Making your own Lacing Cards to Strengthen Fine Motor Skills


Did you know that the journey to being able to write correctly should start long before your child really even knows how to form letters or shapes? It starts with the strengthening of fine motor skills.


Today I’m sharing one of our favorite homeschooling activities. I have three homeschooled children, ages 6 and 4. Yes, twins! It’s not nearly as chaotic as it may seem. To get their little wrists and fingers ready for writing, we do various activities but their favorite by far is lacing cards, taking shoestrings and threading them through holes in specific shapes.




  • cardboard or foam from an Arts & Crafts shop (it needs to be sturdy)
  • hole punch
  • scissors
  • shoelaces, or yarn
  • laminator or self-laminating envelopes for extra stability (optional)





  1. Cut cardstock into various shapes. Use geometric shapes to practice math or letters for letter recognition.
  2. Punch holes about 3/4 or 1 inch apart around the edge of each of the shapes.






Give your child(ren) the string to weave through the holes!

I’ve found that this activity provides a nice session for strengthening tiny little fingers and wrist muscles that my four-year-olds have, but the imagination portion that stems from it is priceless. The song “Go through, go up, go down…” is usually what accompanies my daughter as she strings her shoestring through her shapes.

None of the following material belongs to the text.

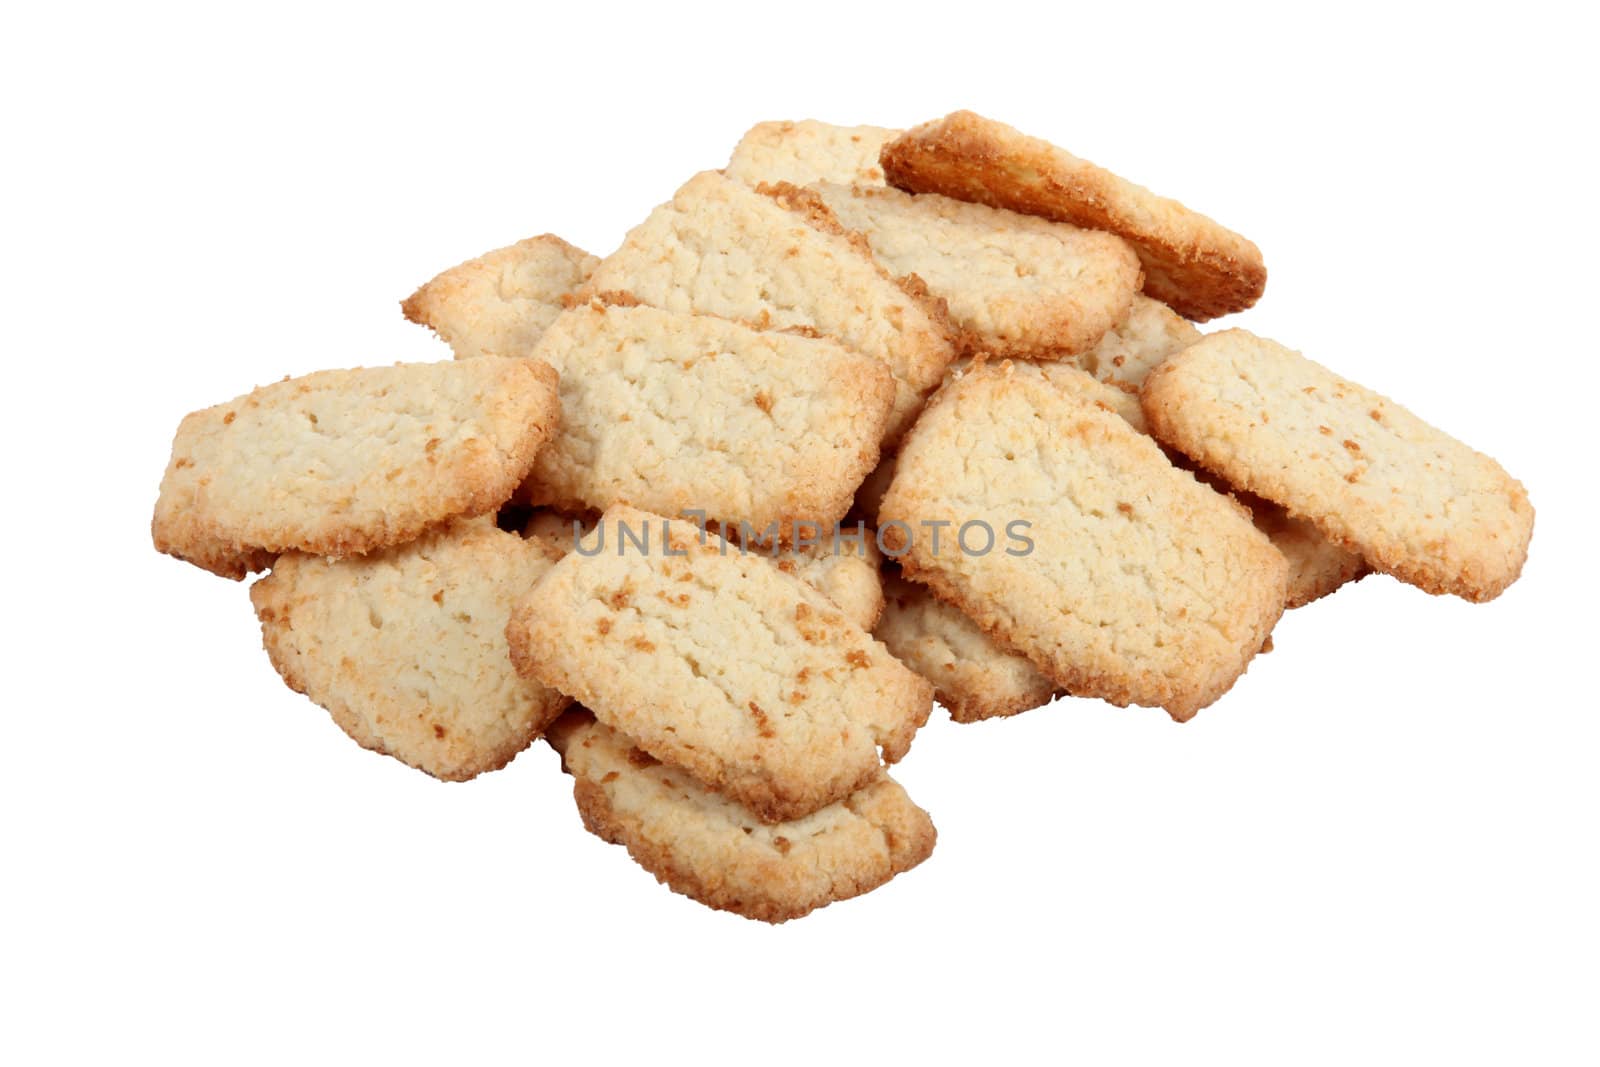 Pale biscuits

Some parents aren’t aware of how important it is to do these activities in conjunction with introducing crayons, pencils, markers and other writing utensils to their children. It’s essential because these activities help children perfect their pincer grip – you know, using your thumb and pointer finger together to grab things – which is necessary to hold a pencil properly.
Activities like this are crucial because it allows a break in the sometimes monotonous tasks of tracing or even coloring, and provides a wide range of motion that children can use. They’ll also become aware of the roles of their dominant and non-dominant hands. Stabilizing the cutouts while working the shoestring through the holes really strengthens those little fingers and muscles.